If a Playwright test only fails in CI, it is tempting to treat the pipeline as the problem. Sometimes CI is the first place where an underlying issue becomes visible, but most flaky tests are already unstable locally, they just have enough timing slack, warm caches, or manual attention to look healthy. The real goal is not to make CI more forgiving, it is to stop flaky Playwright tests before they reach CI at all.

I approach flake as a debugging problem, not a retry problem. Retries can hide signal, mask genuine defects, and make the suite feel healthier than it is. A better workflow is to isolate the failure mode, classify the source of instability, and fix the test or product behavior with the right level of precision.

What actually makes a Playwright test flaky

A flaky test is one that passes and fails under the same code, with no meaningful change in the feature under test.
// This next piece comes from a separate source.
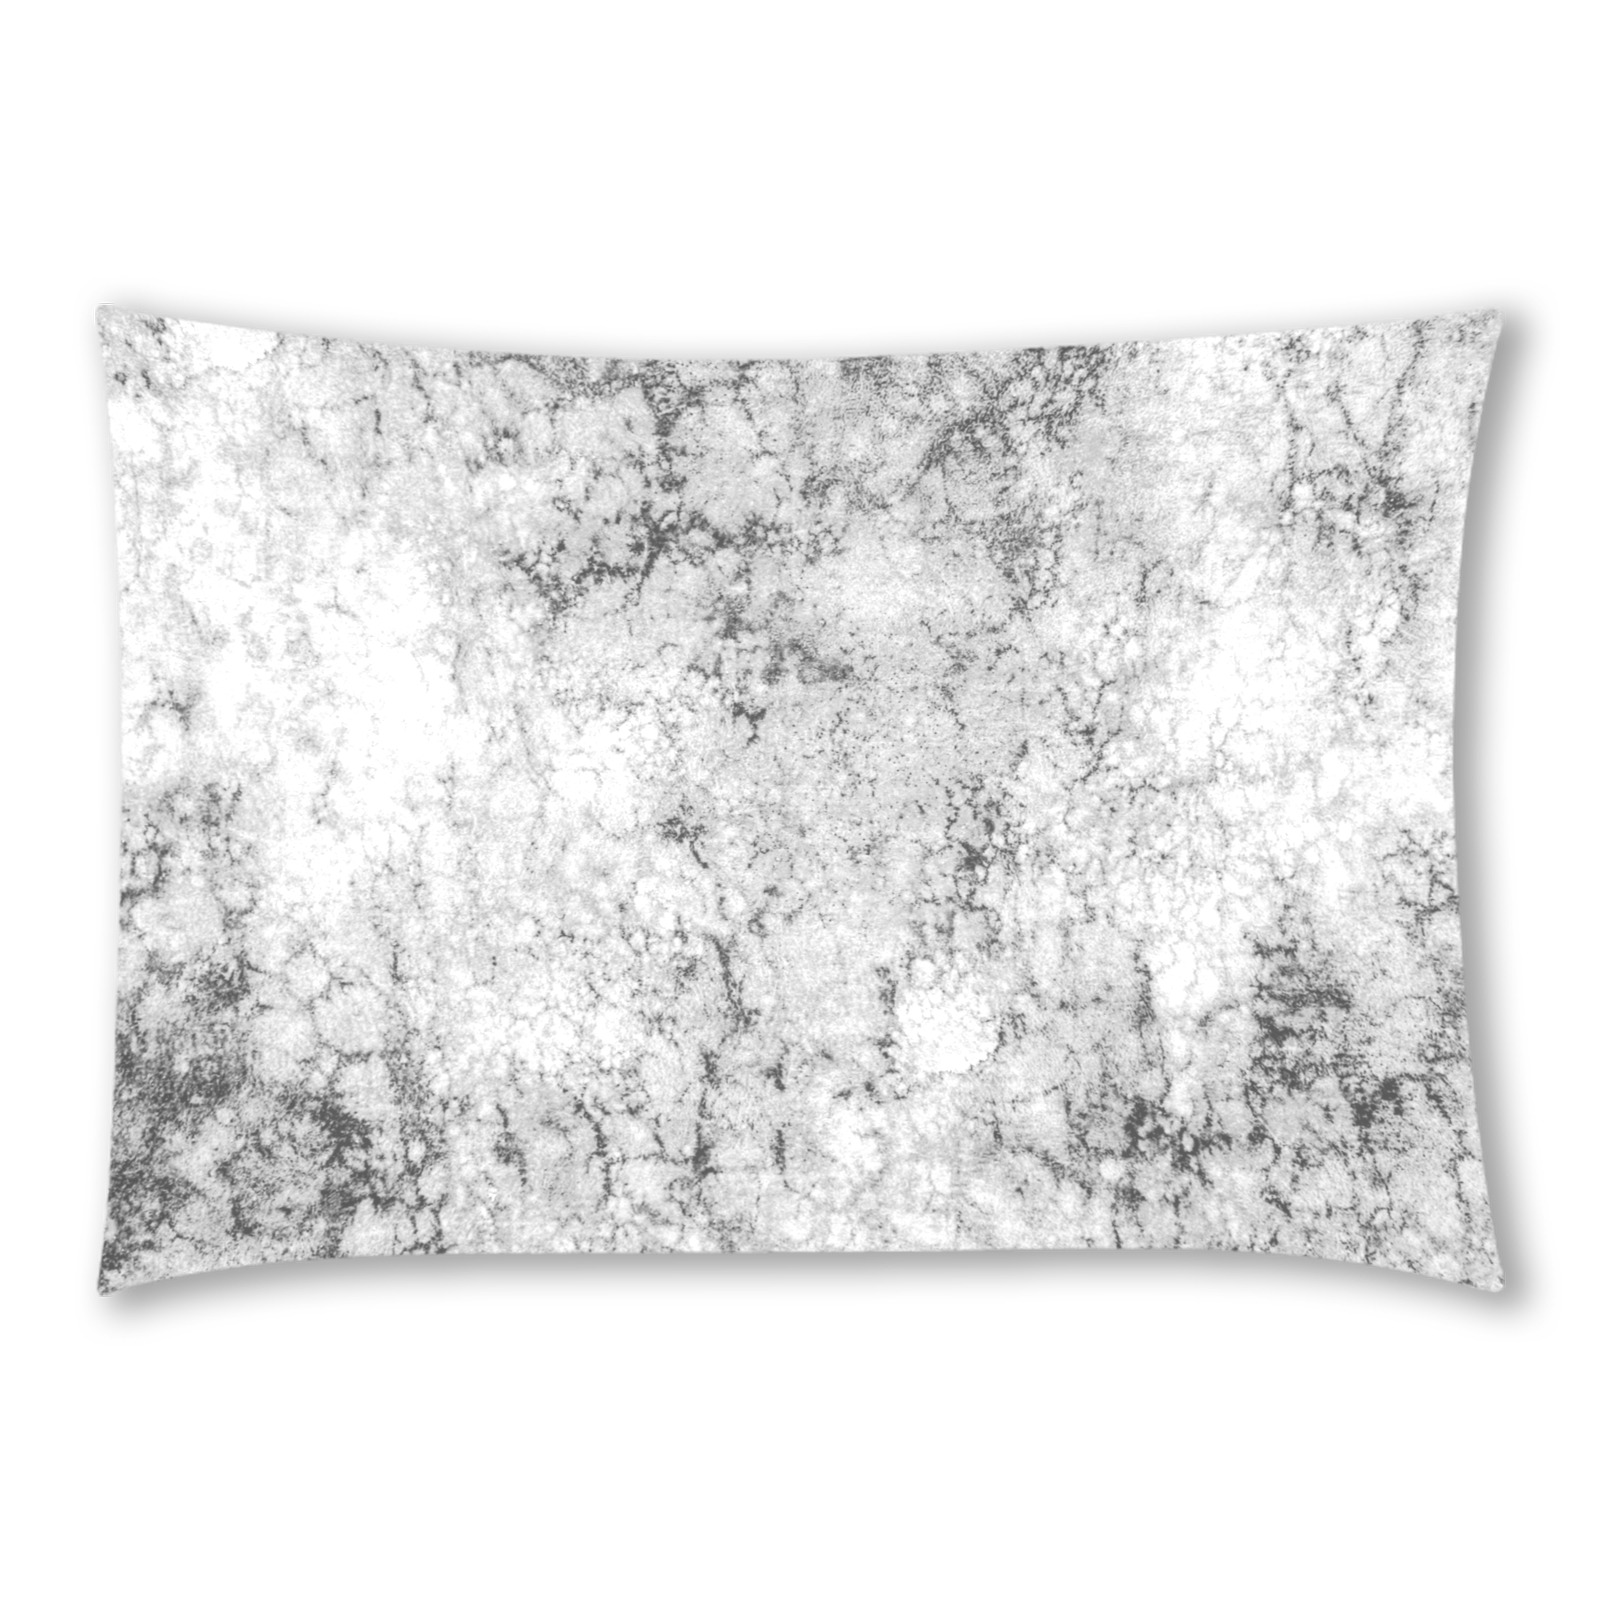 Textured gray Custom Rectangle Pillow Case 20x30 (One Side)

In Playwright, flakes usually come from one of a few buckets:

  • timing assumptions, such as waiting for an element before the UI is ready
  • brittle locators, especially text or structure-based selectors that shift with minor DOM changes
  • asynchronous state changes, such as network requests, animations, or client-side rendering
  • environment dependence, including viewport, CPU contention, browser differences, and test data collisions
  • shared state, where one test leaks storage, cookies, or backend data into another

If a test needs luck to pass, it is not a stable test, it is a probabilistic signal.

Before you start tuning retries, ask one question: is the failure in the test, the product, or the environment? Flaky test debugging is mostly about answering that question quickly and with evidence.

Start with a reproducible failure loop

The fastest path to stable tests is to make a flaky failure repeatable outside CI. If you cannot reproduce it locally, you are debugging a ghost. Reproduction does not need to be perfect, but it should be systematic.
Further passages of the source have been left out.